REQUIRED ACTION: Below is a listing to transcribe in full and exactly; keep the pictures out.

DATASET CONTENT:

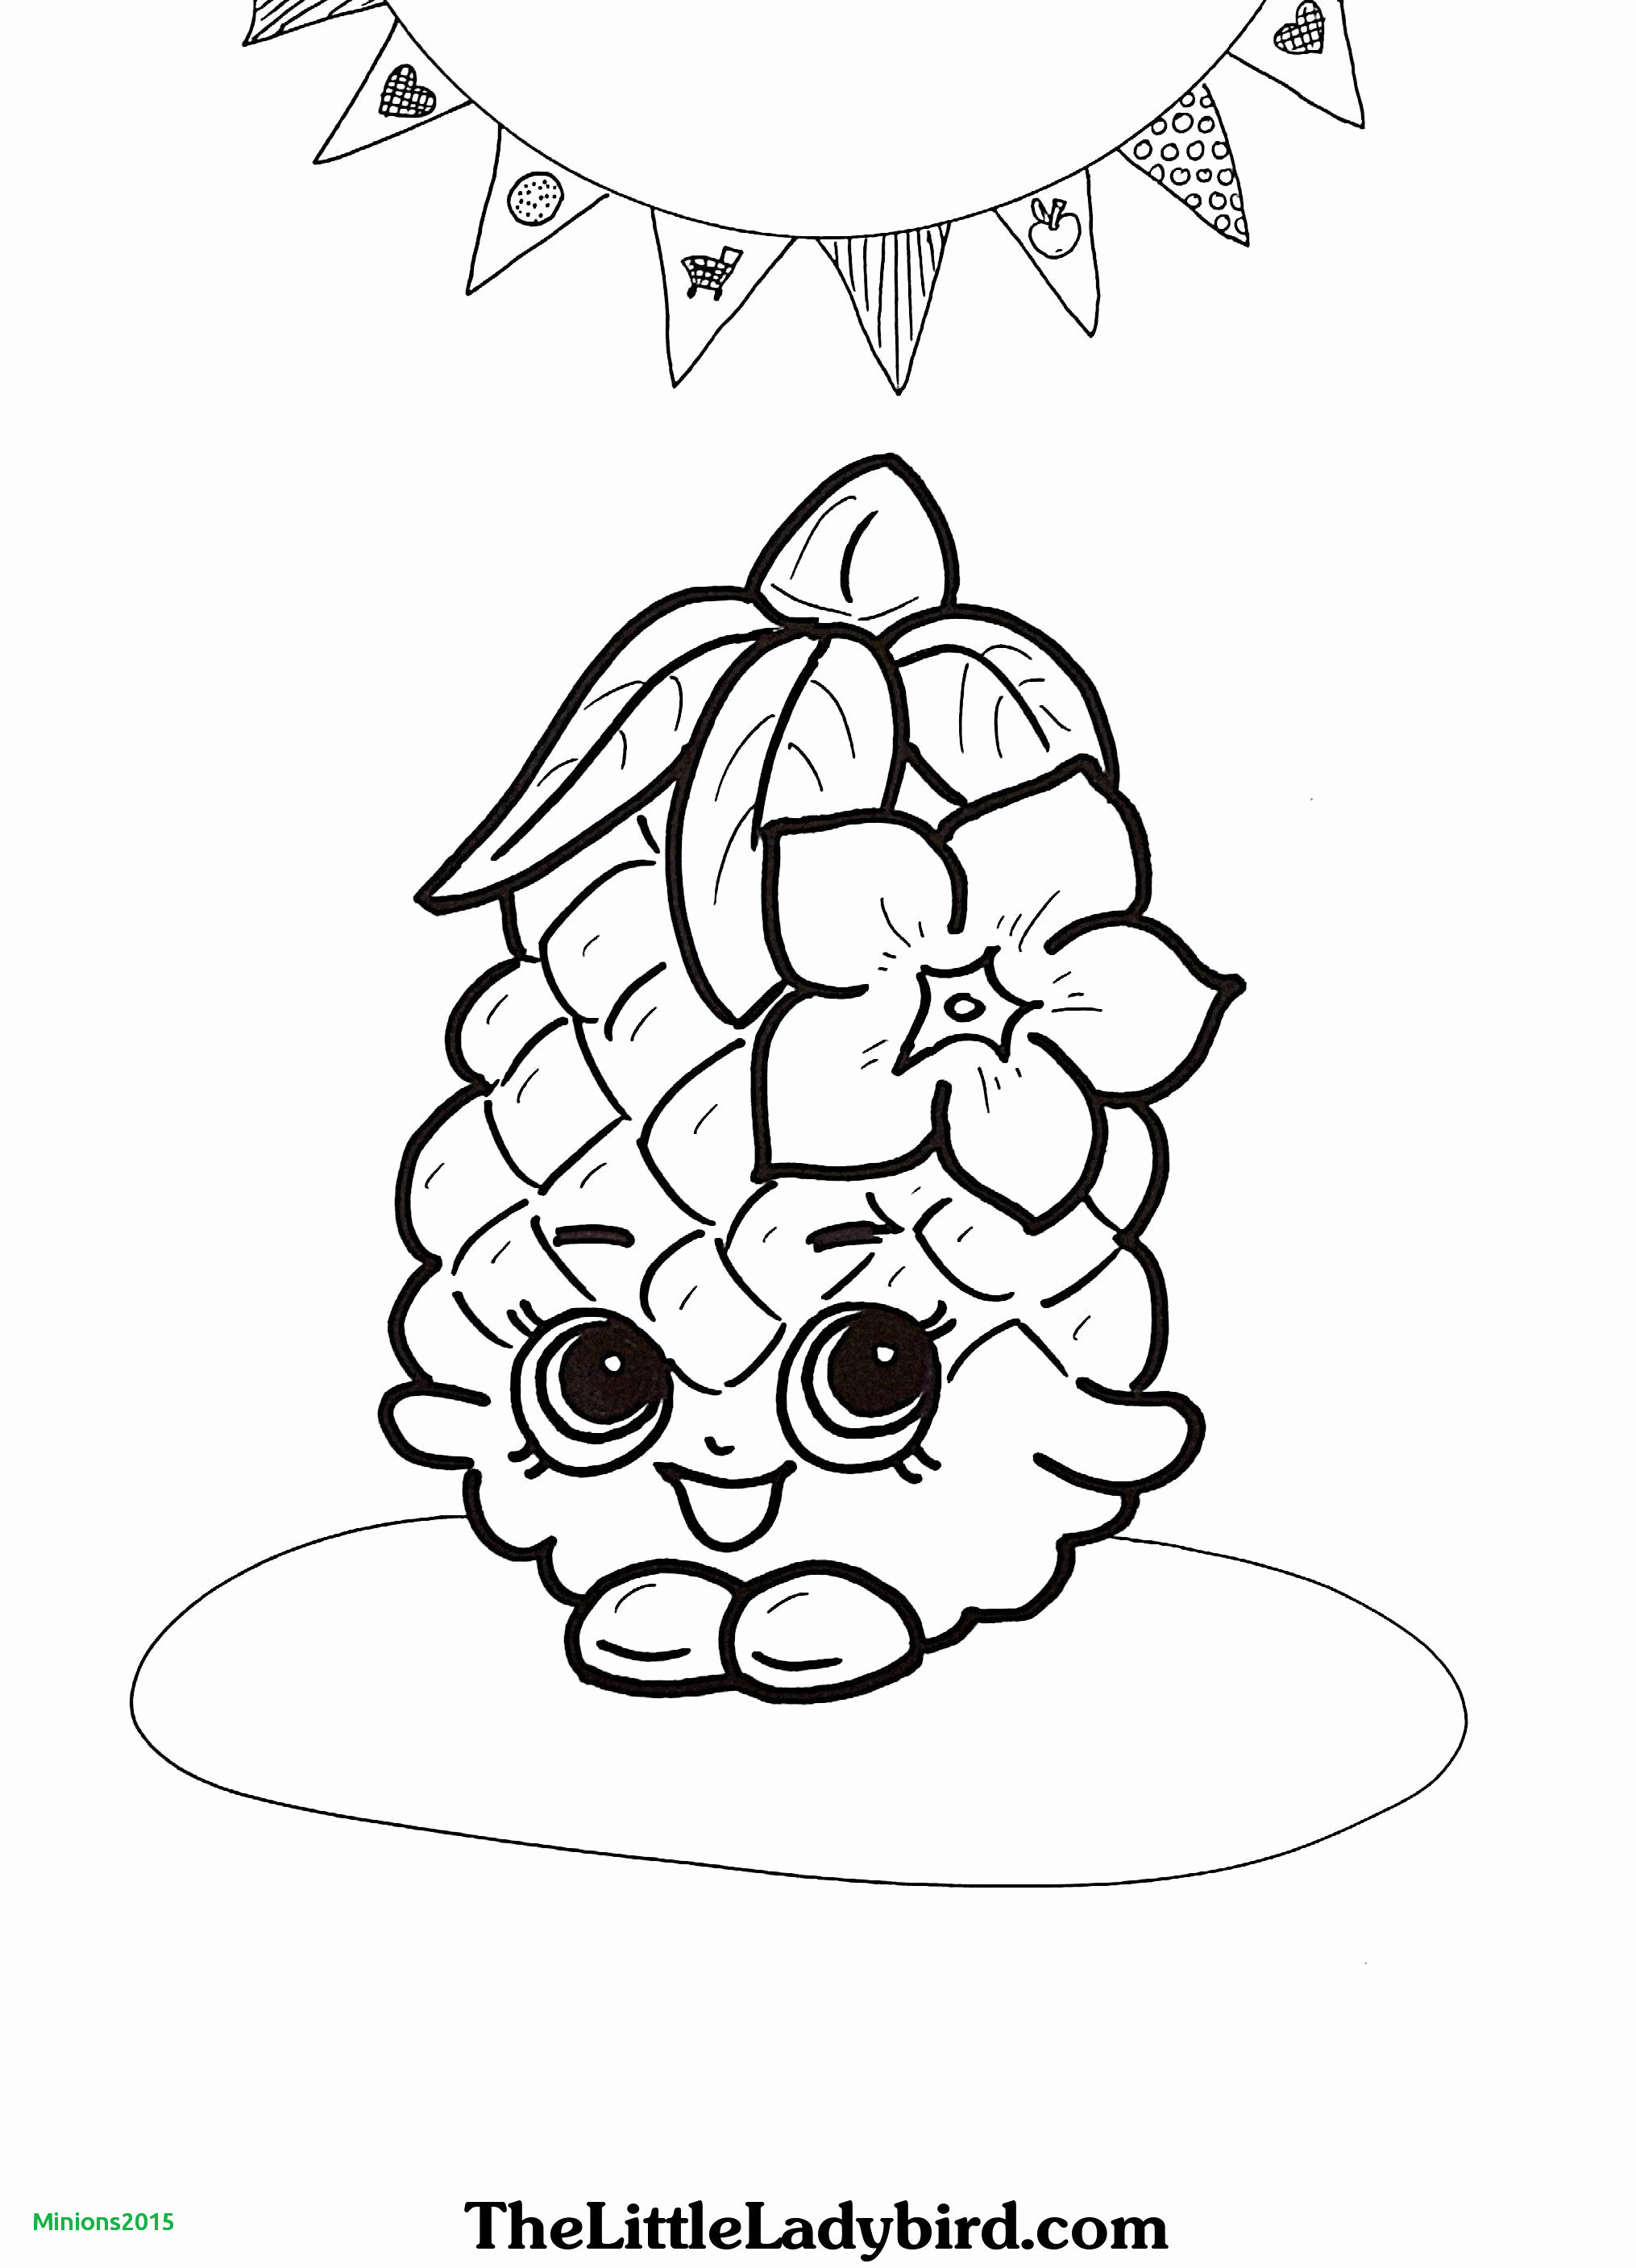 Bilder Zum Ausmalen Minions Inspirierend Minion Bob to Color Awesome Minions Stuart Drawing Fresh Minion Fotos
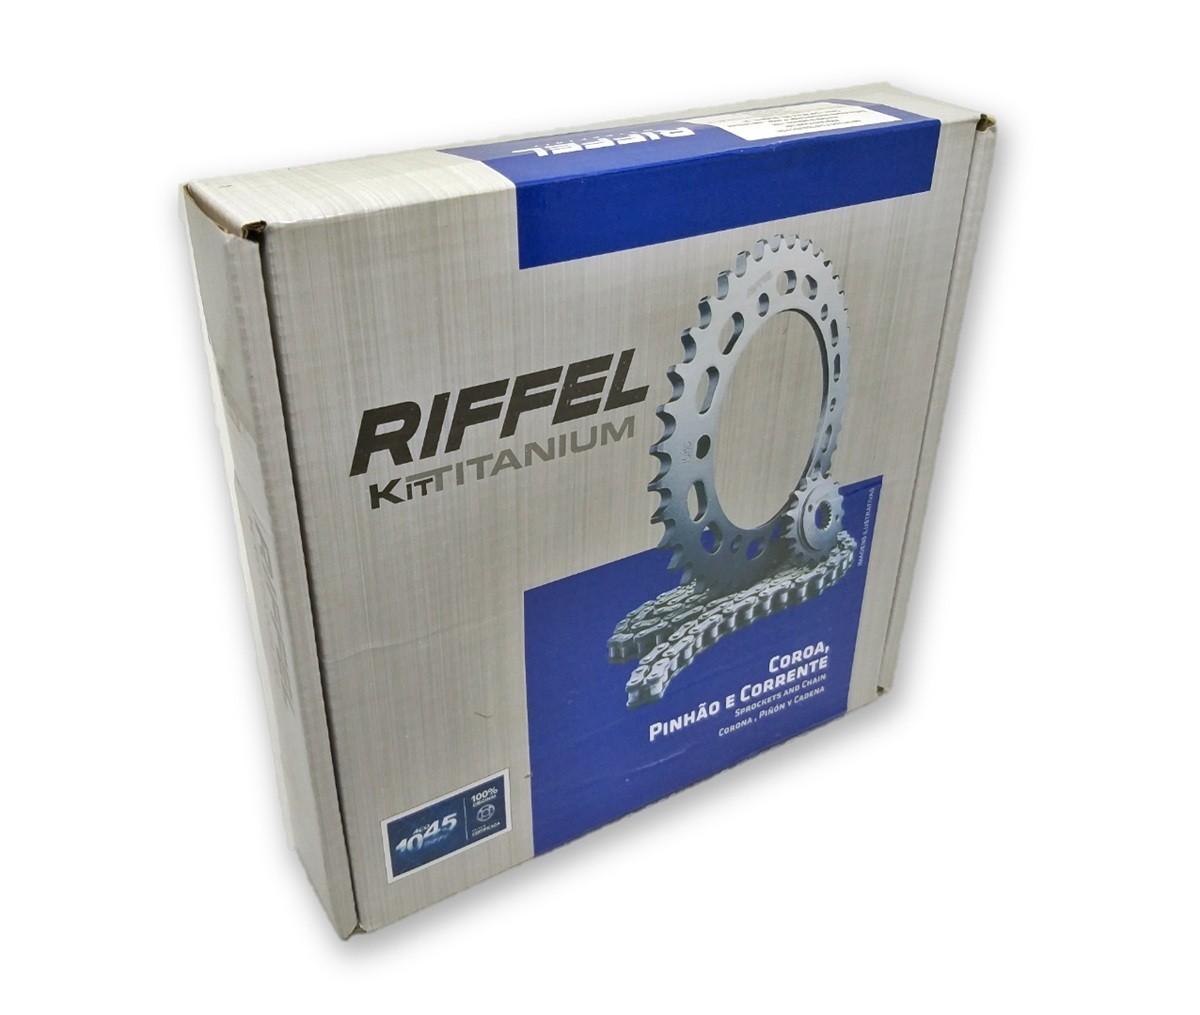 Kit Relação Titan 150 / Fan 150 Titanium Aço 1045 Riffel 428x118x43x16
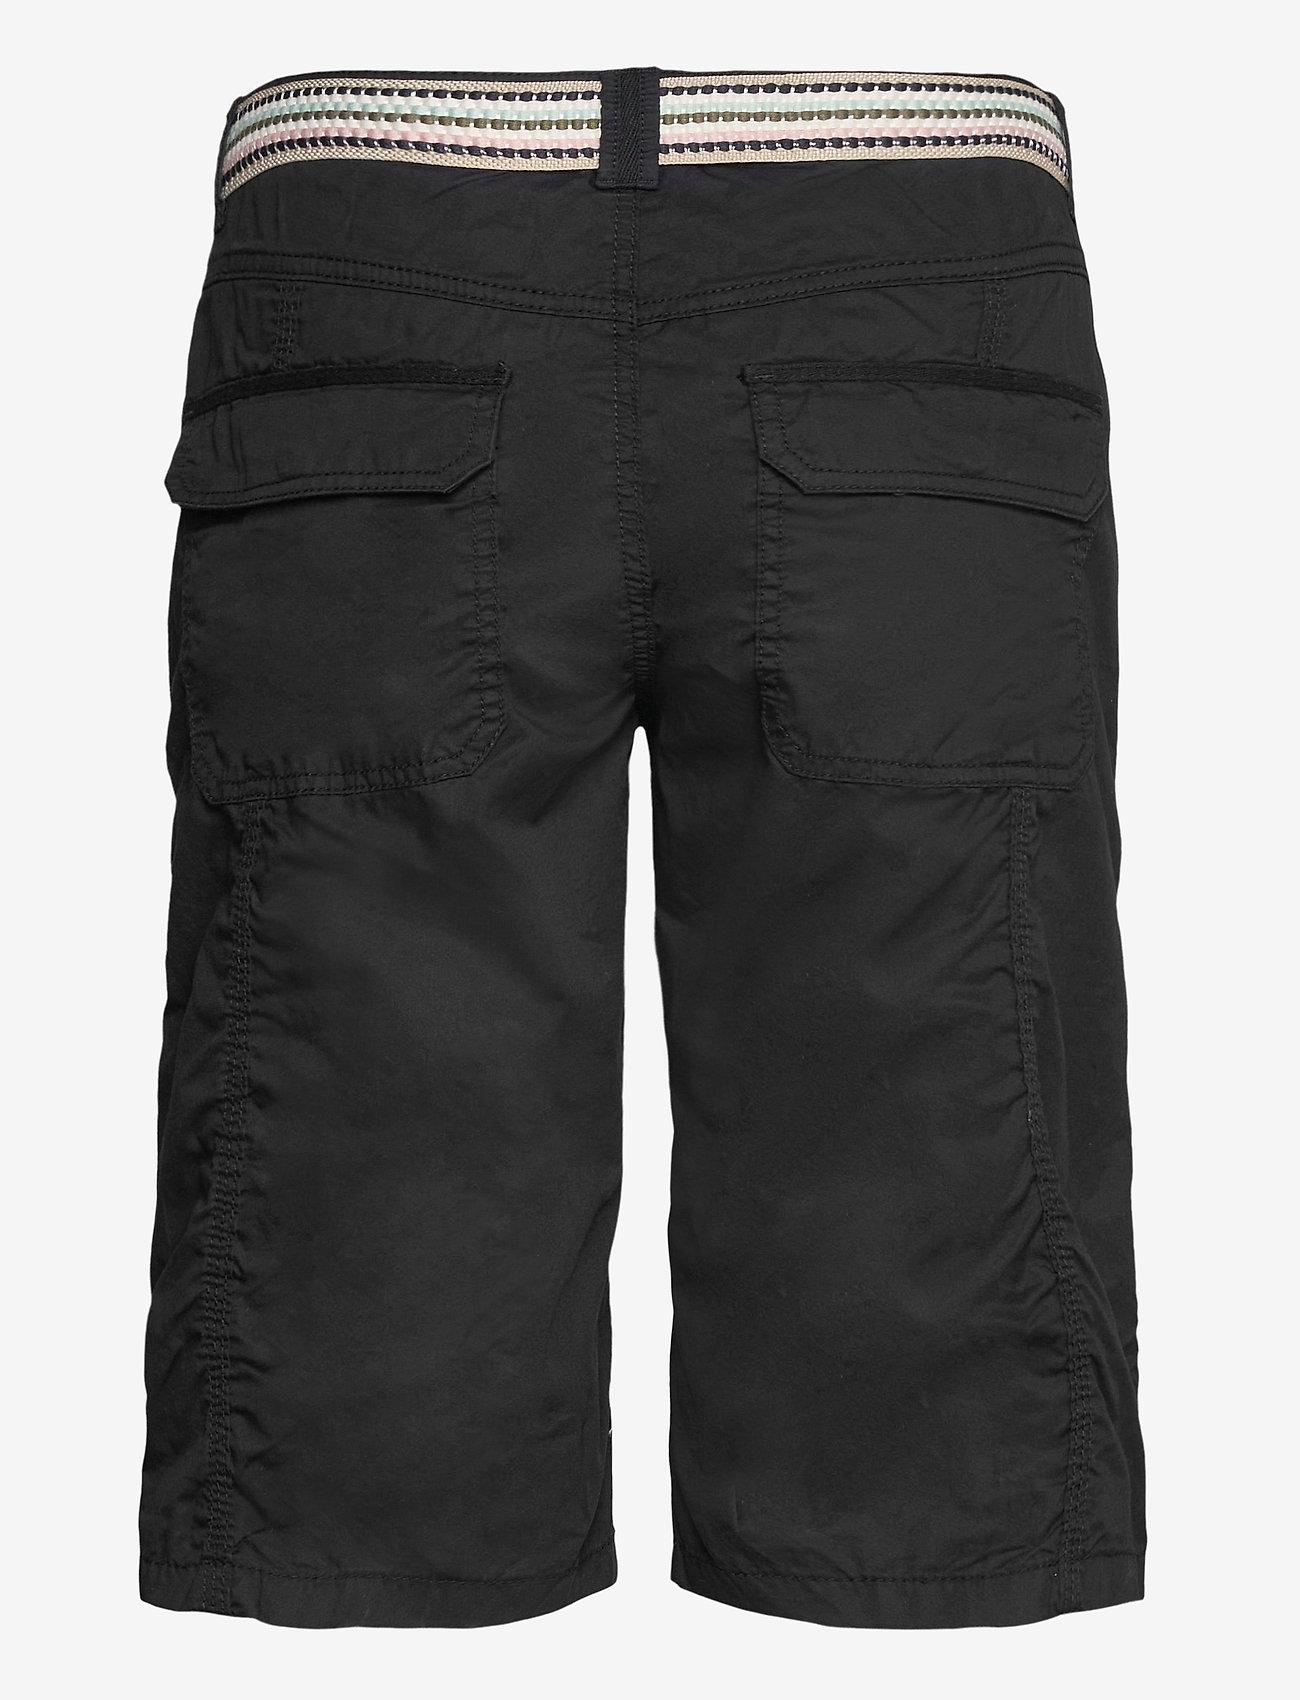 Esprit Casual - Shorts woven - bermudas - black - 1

SOLUTION TO THIS PROBLEM:
 Bilder Zum Ausmalen Minions Inspirierend Minion Bob to Color Awesome Minions Stuart Drawing Fresh Minion Fotos
 Kit Relação Titan 150 / Fan 150 Titanium Aço 1045 Riffel 428x118x43x16
 Esprit Casual - Shorts woven - bermudas - black - 1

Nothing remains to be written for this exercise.